- Exercise brief: Look below for the line with "Versace perfume eros flame (30 ml)" and the line with "Candy earrings in purple sterling silver". Copy exactly those two lines and every line between, but not the pictures.

- Dataset records:
━━━━━━━━
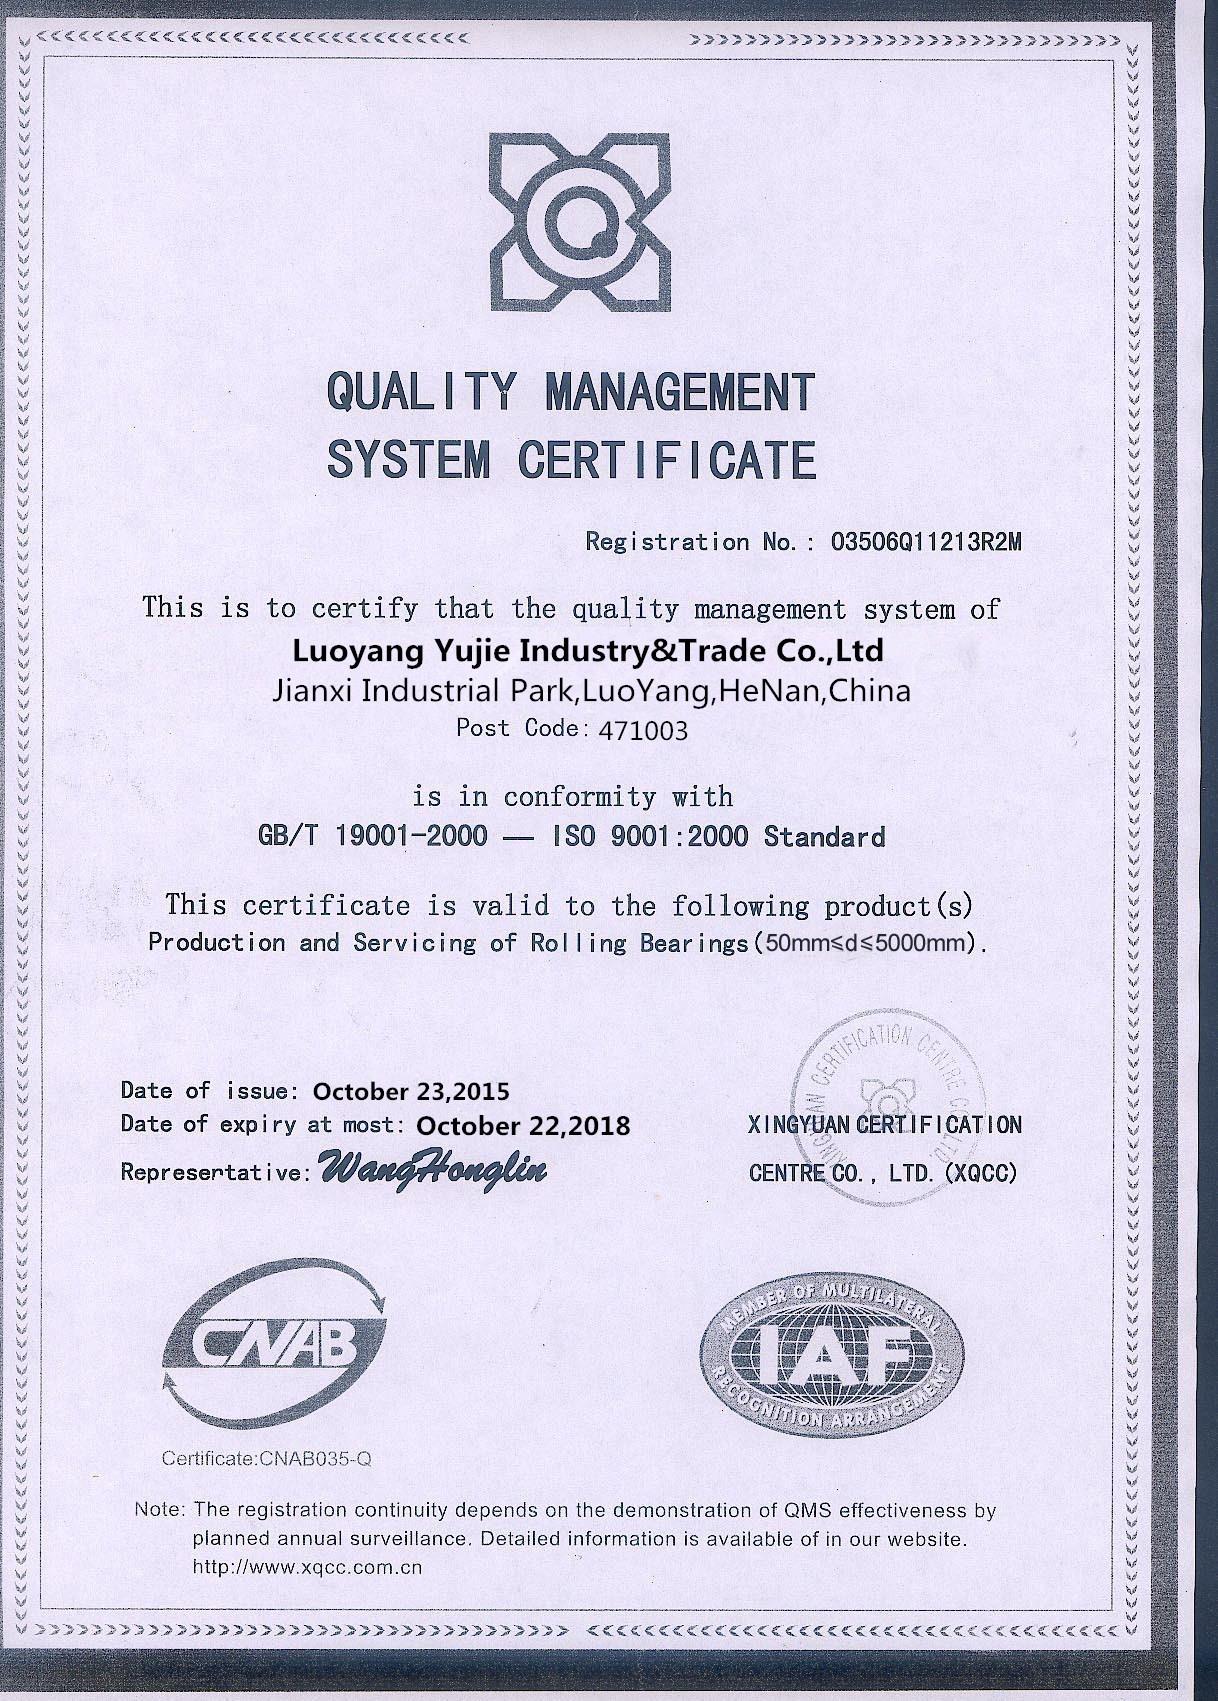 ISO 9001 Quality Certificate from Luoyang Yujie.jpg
━━━━━━━━
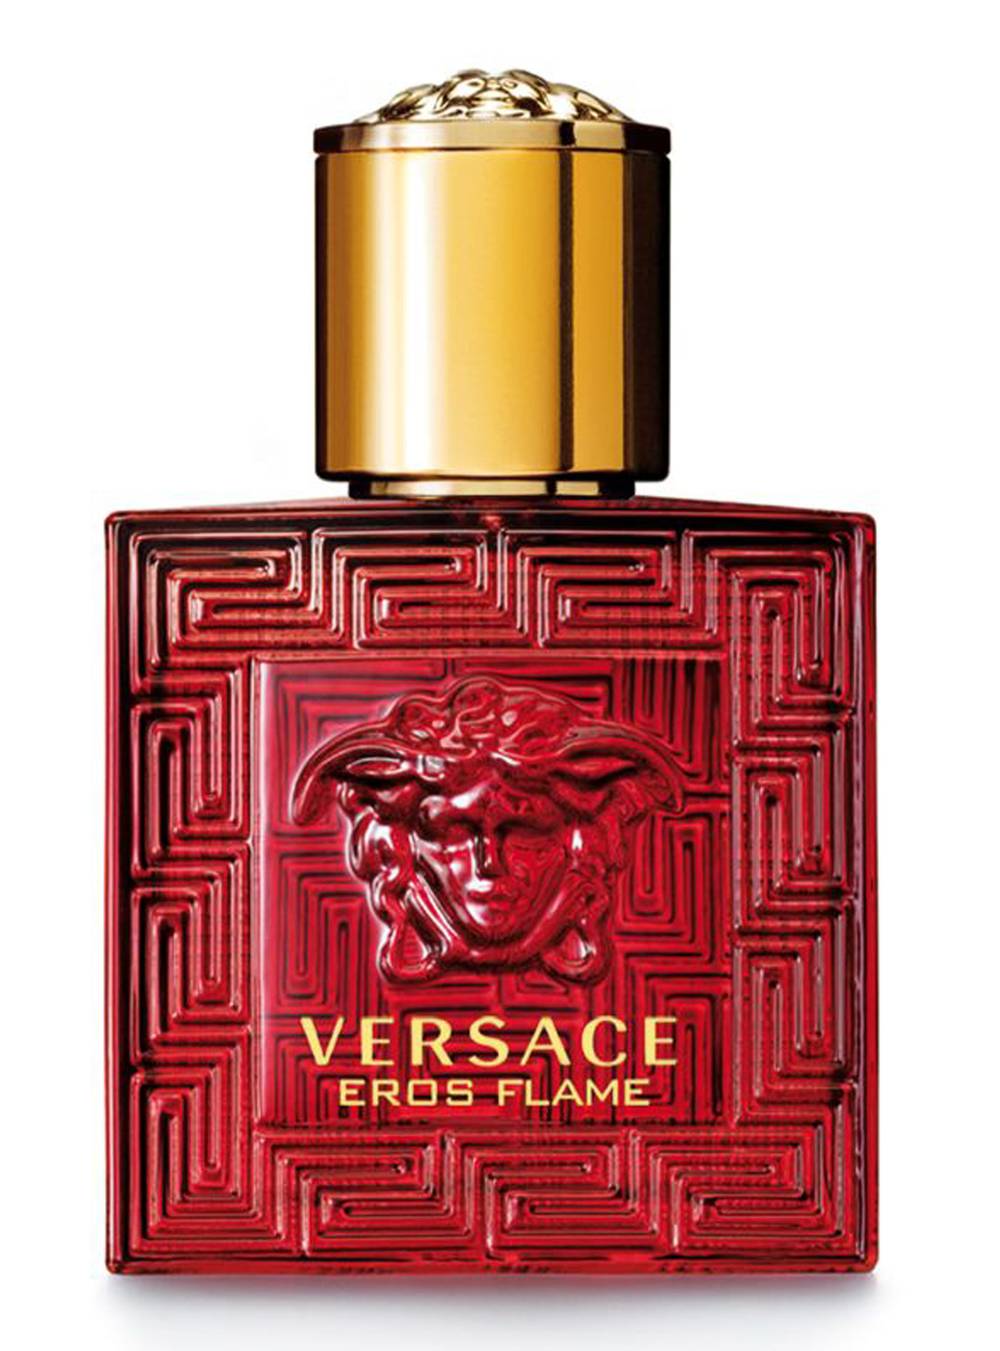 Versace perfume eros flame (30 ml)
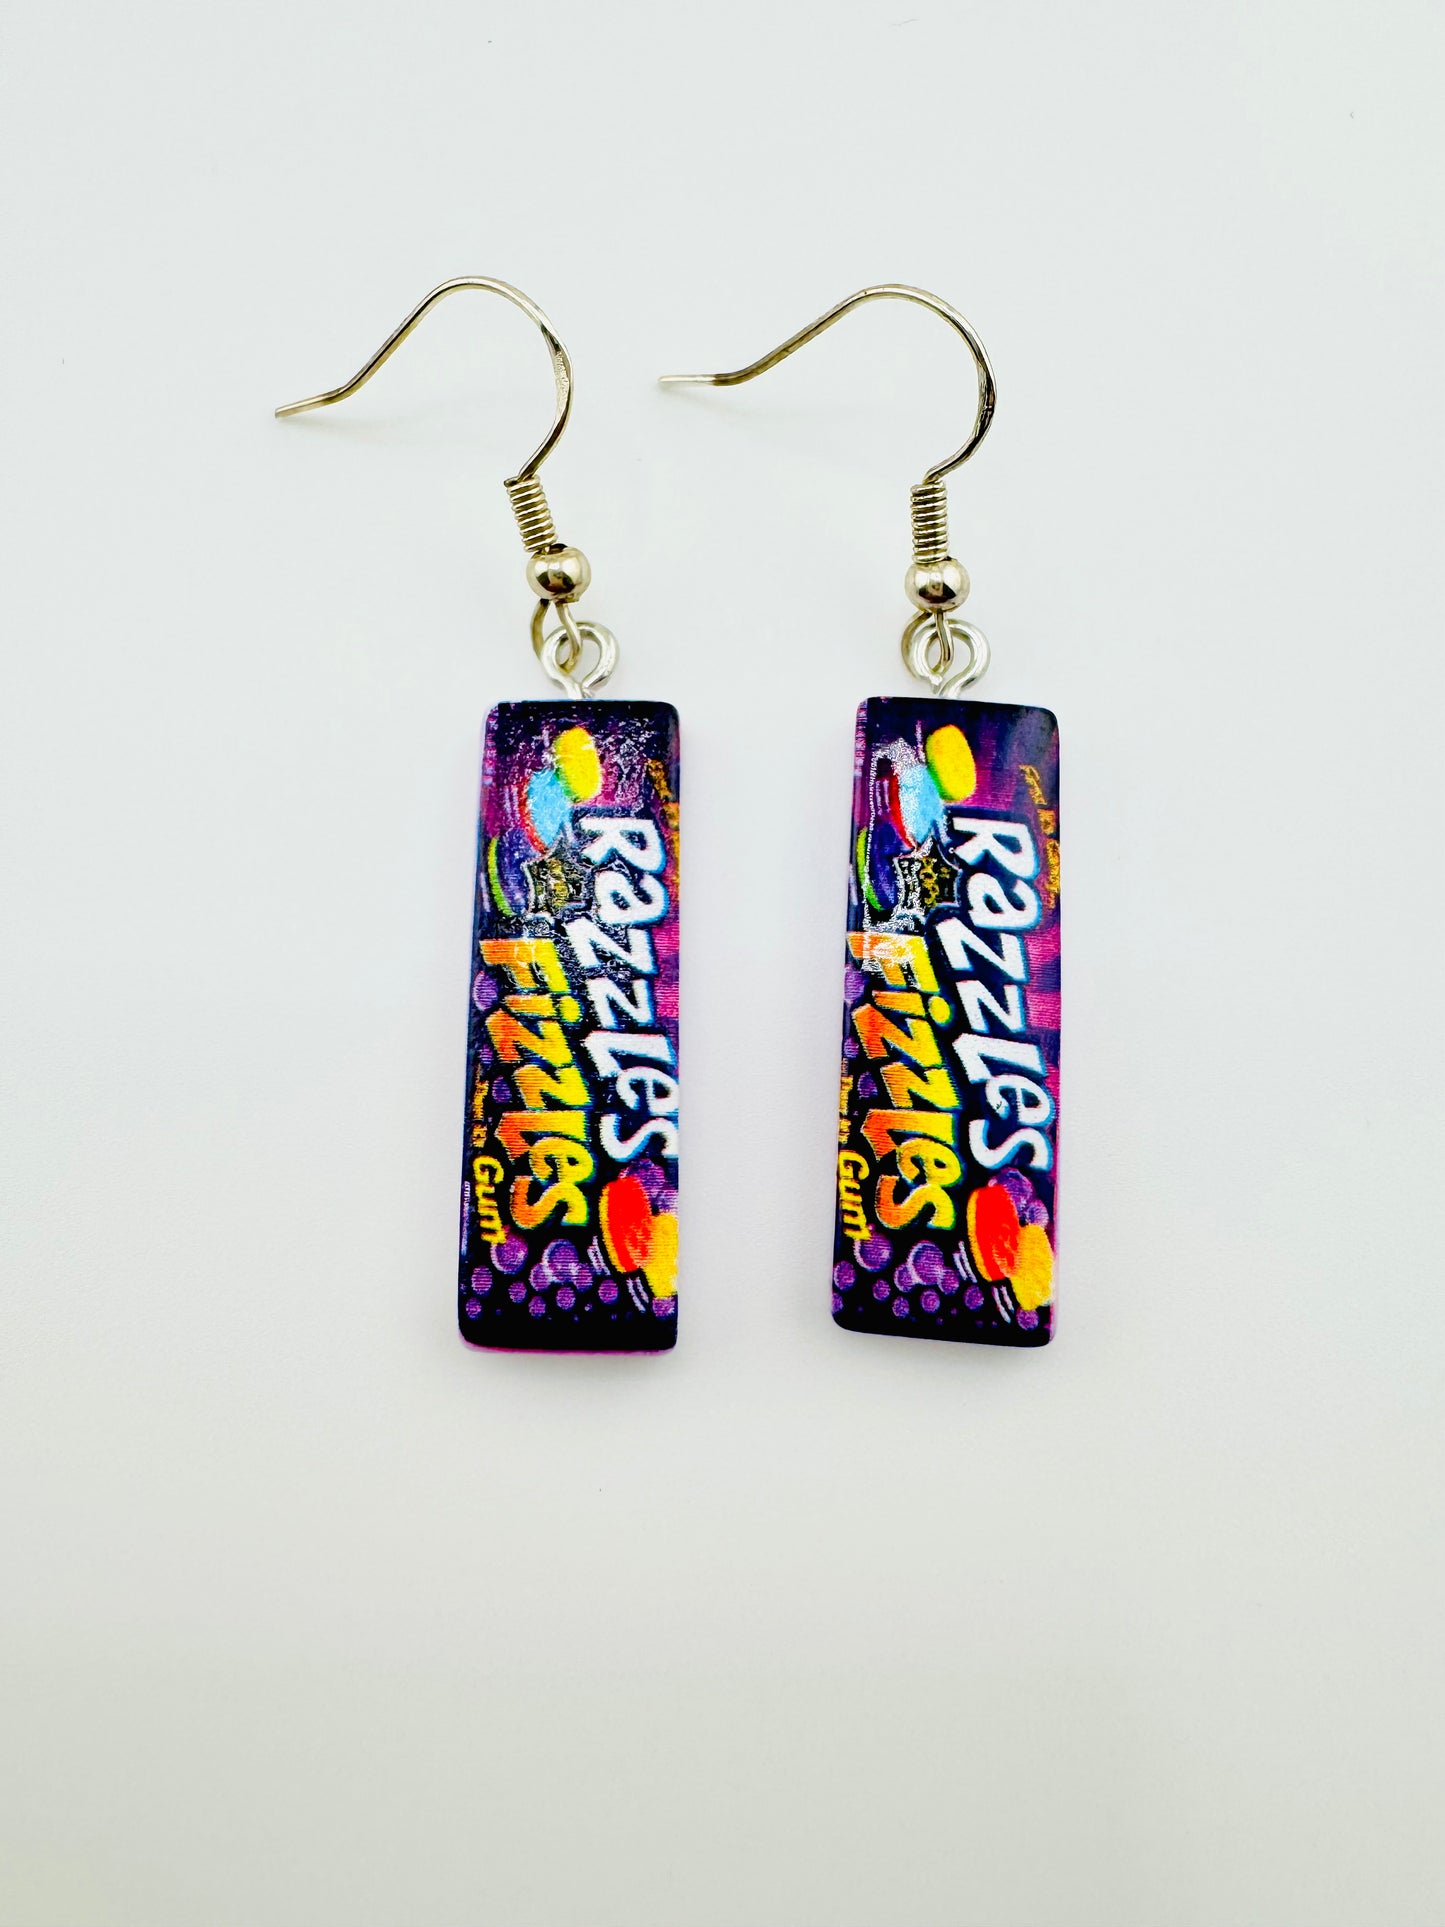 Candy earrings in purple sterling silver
━━━━━━━━
- Problem solution:
 Versace perfume eros flame (30 ml)
 Candy earrings in purple sterling silver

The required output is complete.